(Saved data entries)
■ ■ ■ ■ ■
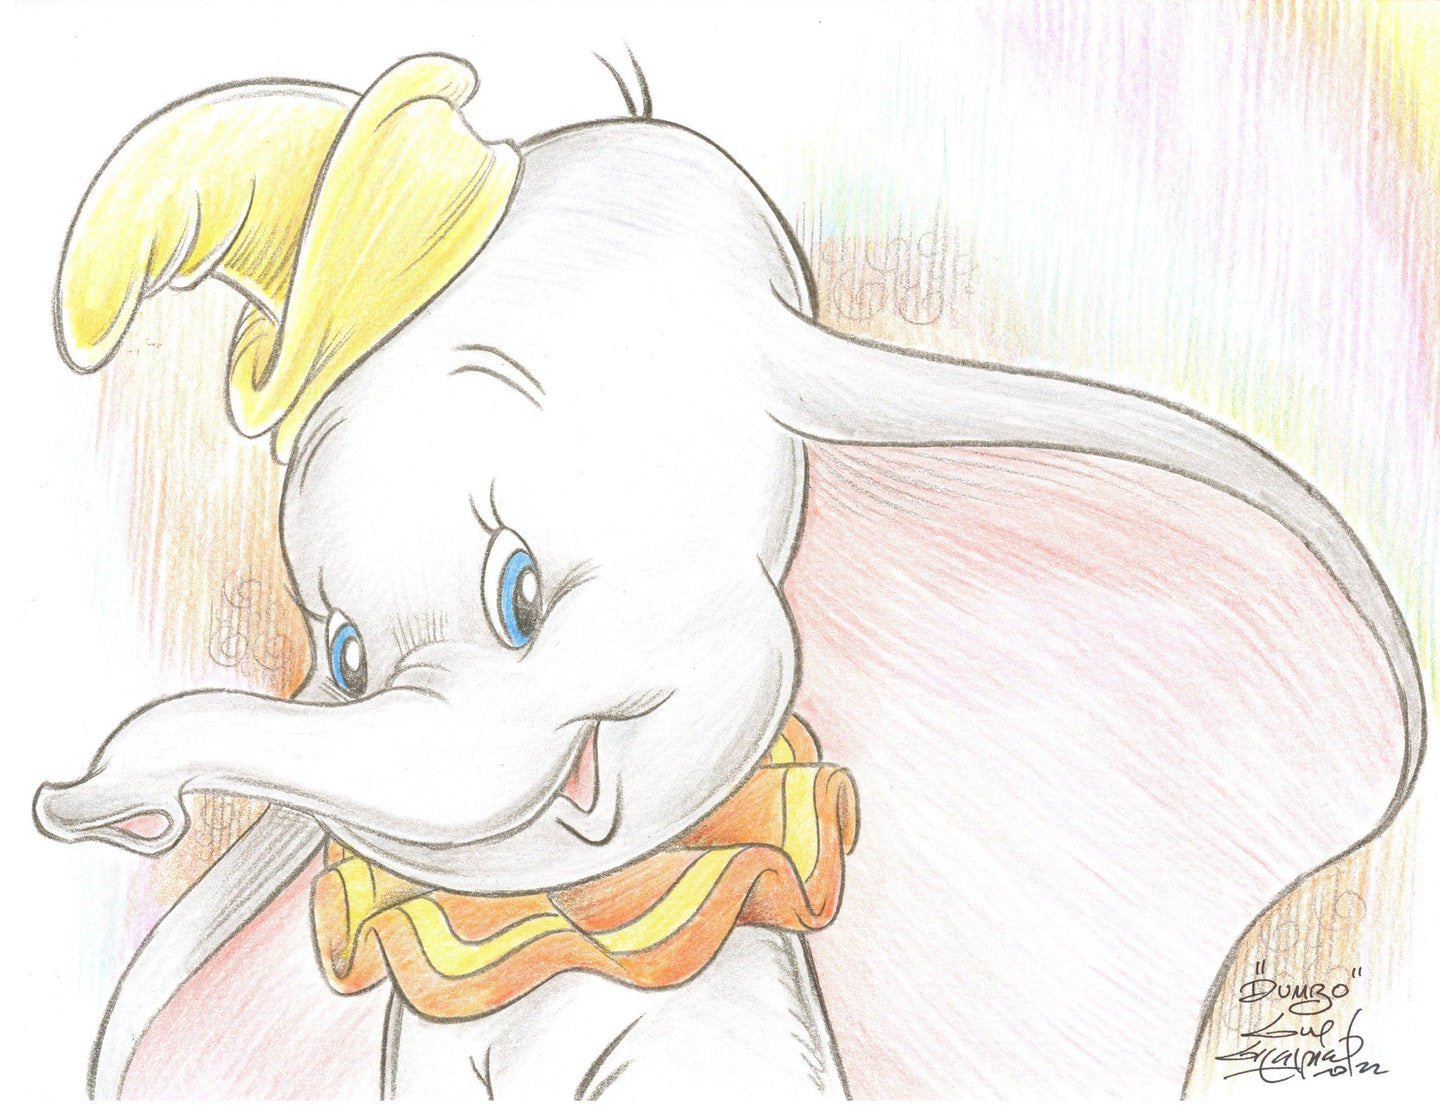 Disney's Dumbo Original Art 8.5x11 Sketch - Created by Guy Gilchrist
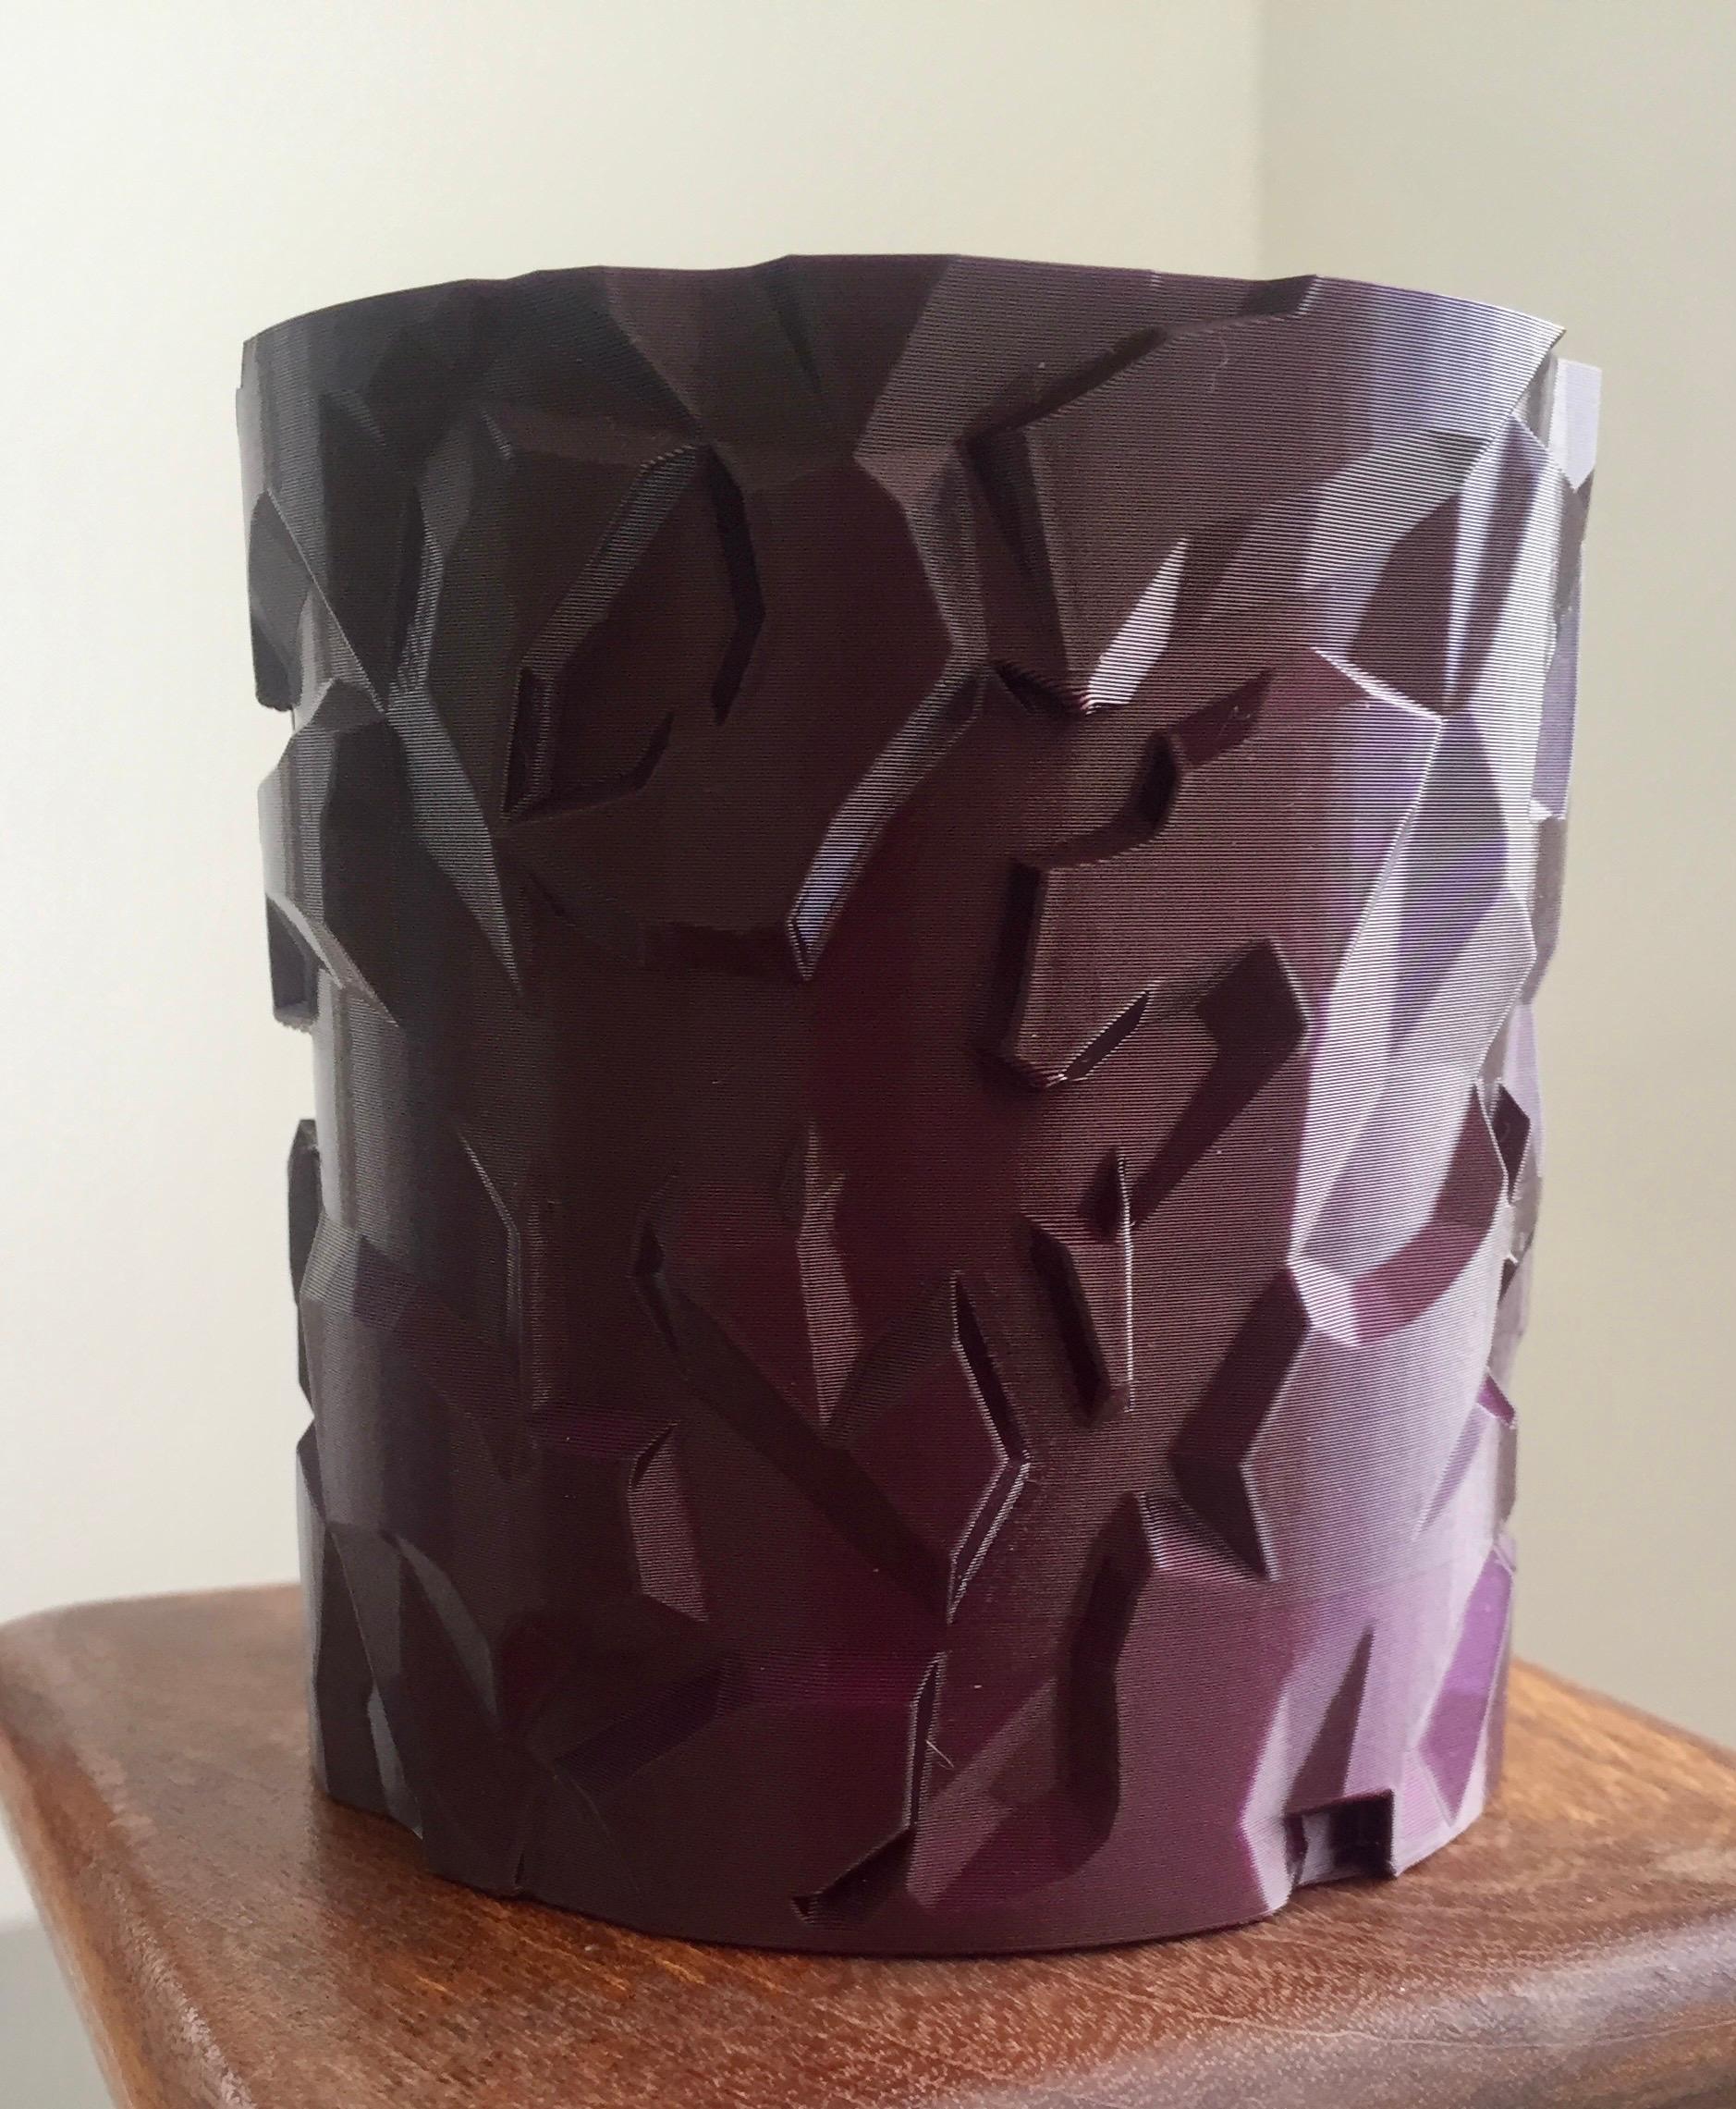 Rock Pot - This came out lovely with Prusament Mystic Brown PLA. There’s a narrow slit in the STL’s base and I filled that in with a generic cylinder in Prusa Slicer.
It’s a great model, thank you for sharing it! - 3d model
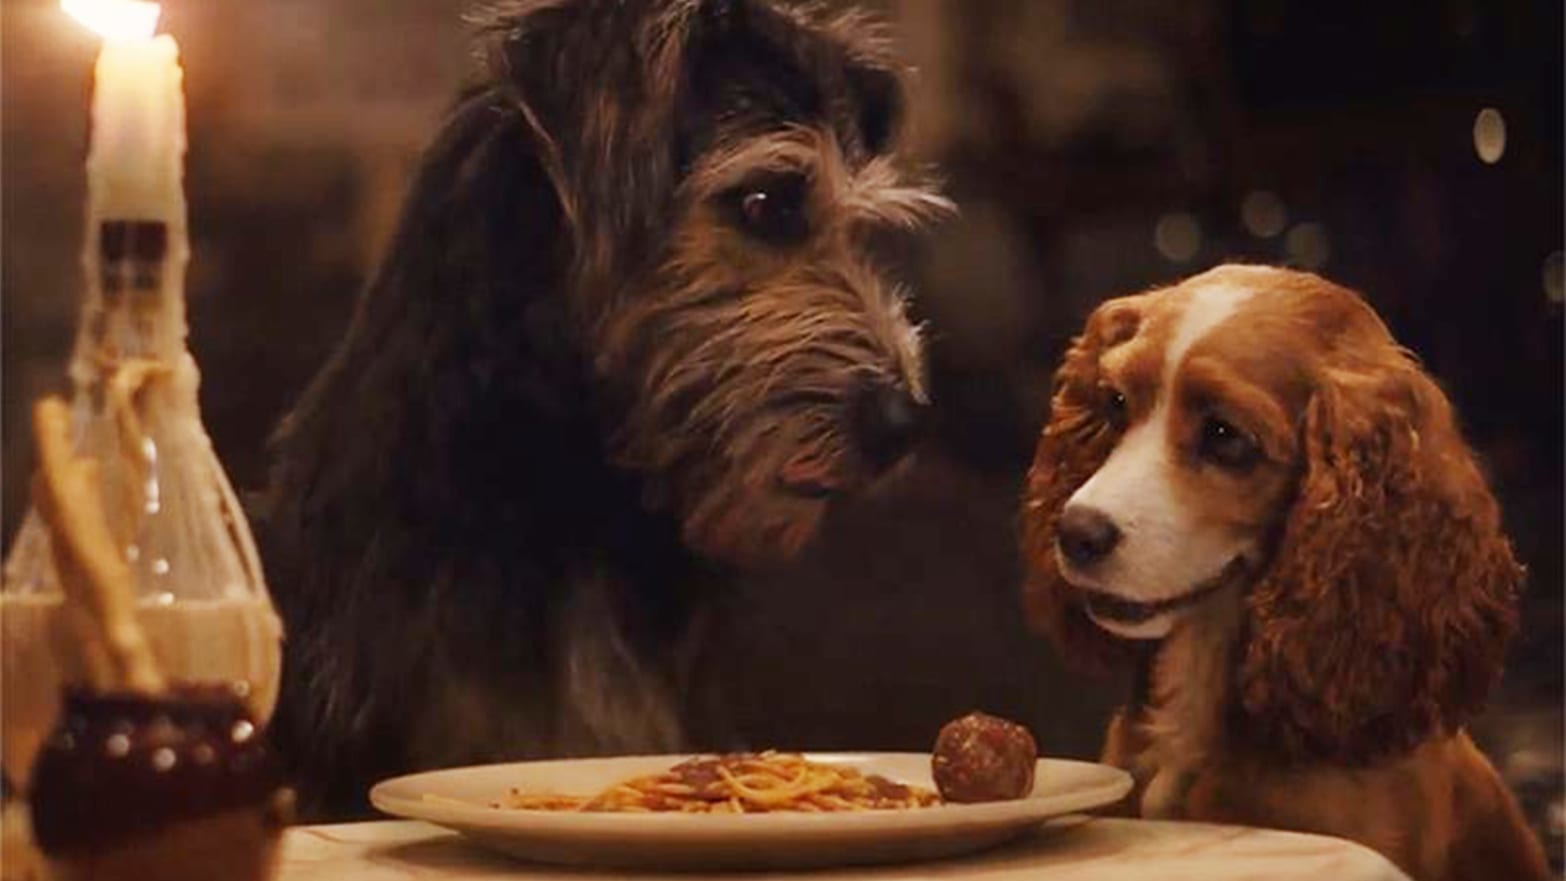 Disney Plus' New 'Lady and the Tramp' Remake Is as Weird as It Is Adorable
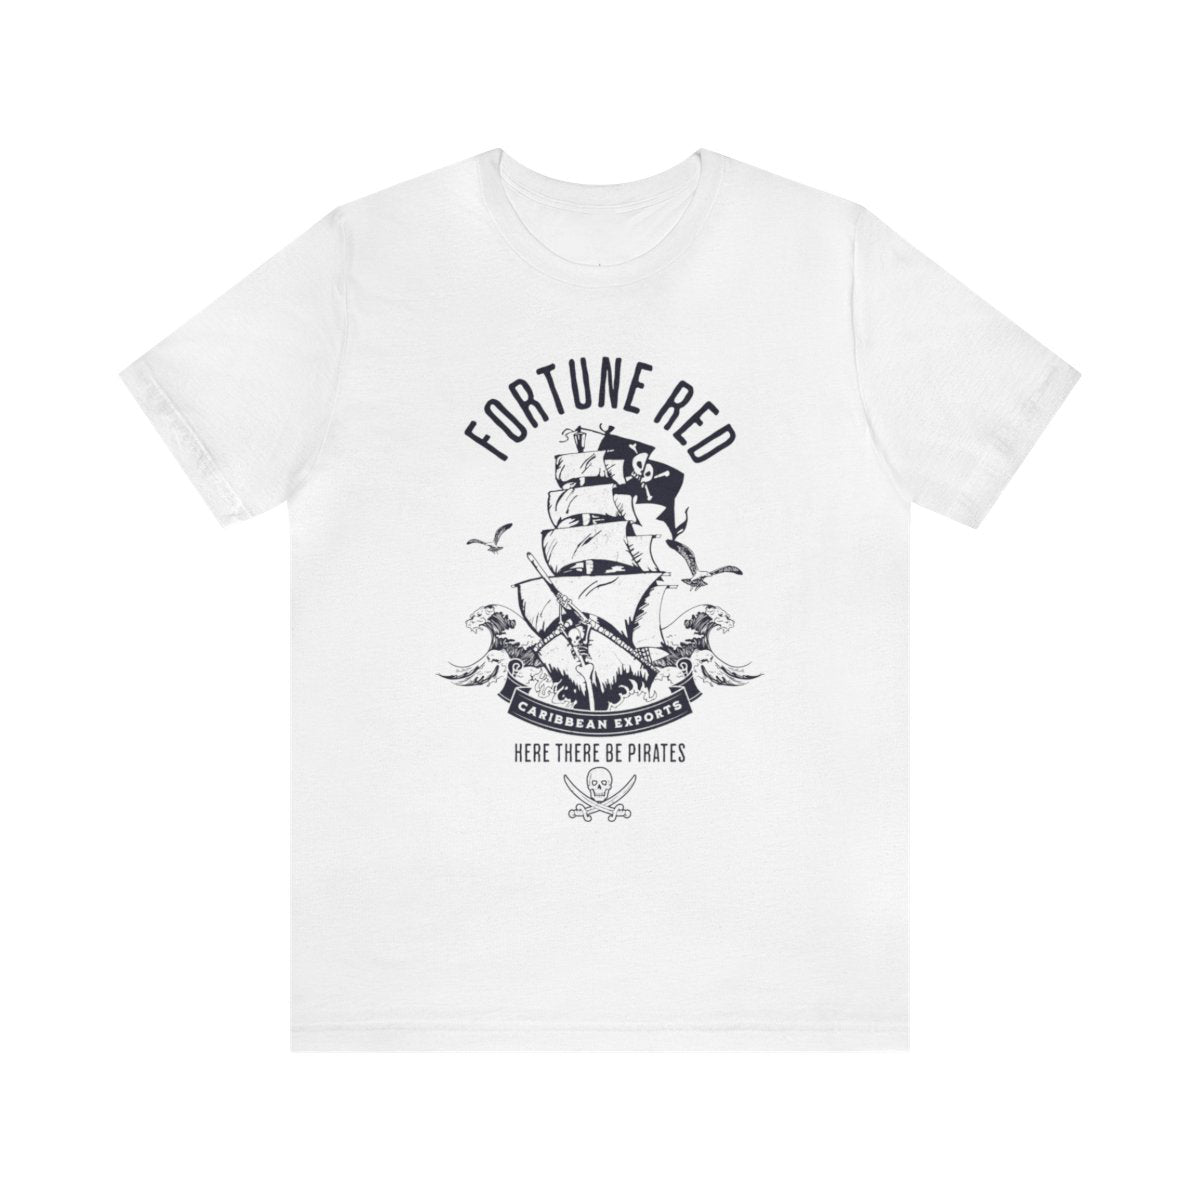 Park Chic Apparel, LLC | Fortune Red Caribbean Pirates Tee - Adult Crew Tee
■ ■ ■ ■ ■
▸ **What the task requires**: Line by line, write out the records above exactly, skipping the pictures.

▸ **Problem solution**:
 Disney's Dumbo Original Art 8.5x11 Sketch - Created by Guy Gilchrist
 Rock Pot - This came out lovely with Prusament Mystic Brown PLA. There’s a narrow slit in the STL’s base and I filled that in with a generic cylinder in Prusa Slicer.
It’s a great model, thank you for sharing it! - 3d model
 Disney Plus' New 'Lady and the Tramp' Remake Is as Weird as It Is Adorable
 Park Chic Apparel, LLC | Fortune Red Caribbean Pirates Tee - Adult Crew Tee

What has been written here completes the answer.